Milton Jeffery Barney Jr. is a baseball coach and former infielder, who is the current head baseball coach of the Mississippi Valley State Delta Devils. He played college baseball at Southern in 2007 and Grambling State from 2008 to 2010.

Playing career
Barney grew up in Gulfport, Mississippi, where he attended Gulfport High School, where he was a letterwinner for the Admirals in baseball and football.
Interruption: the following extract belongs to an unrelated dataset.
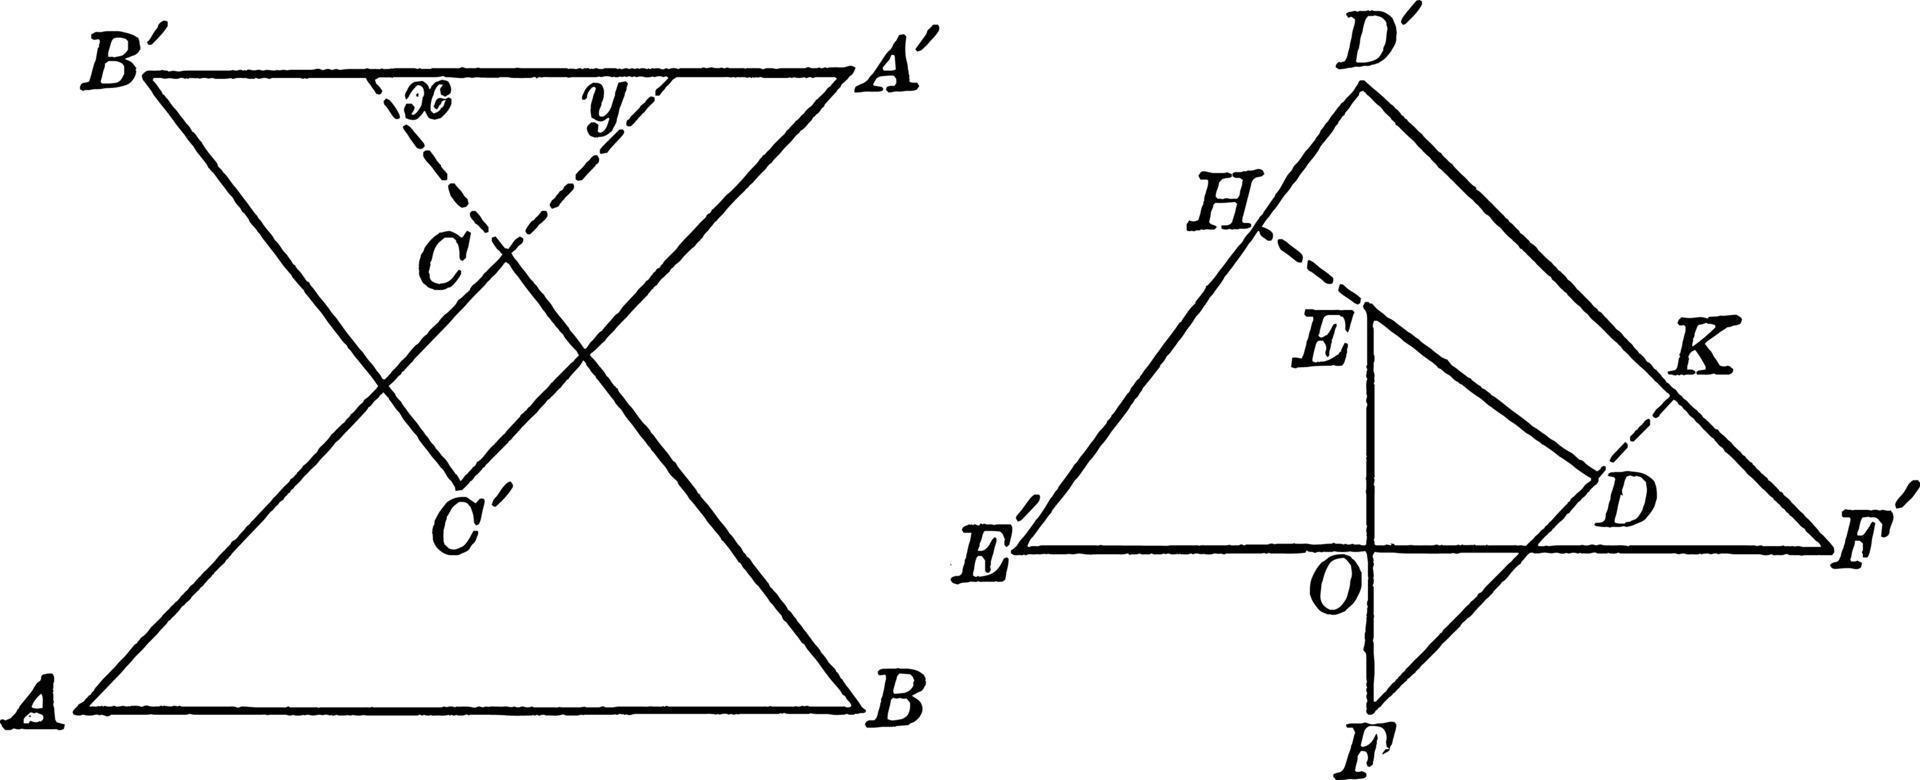 två trianglar av parallell sidor, årgång illustration. vektor

Barney attended Southern University following high school, where he appeared in 20 games for the Jaguars, registering 12 hits while driving in 10 RBI. He would transfer to Grambling State, where he would finish out his career.

Coaching career
Barney began his coaching career as an assistant coach for the Alcorn State Braves, helping the team win the 2011 Southwestern Athletic Conference title.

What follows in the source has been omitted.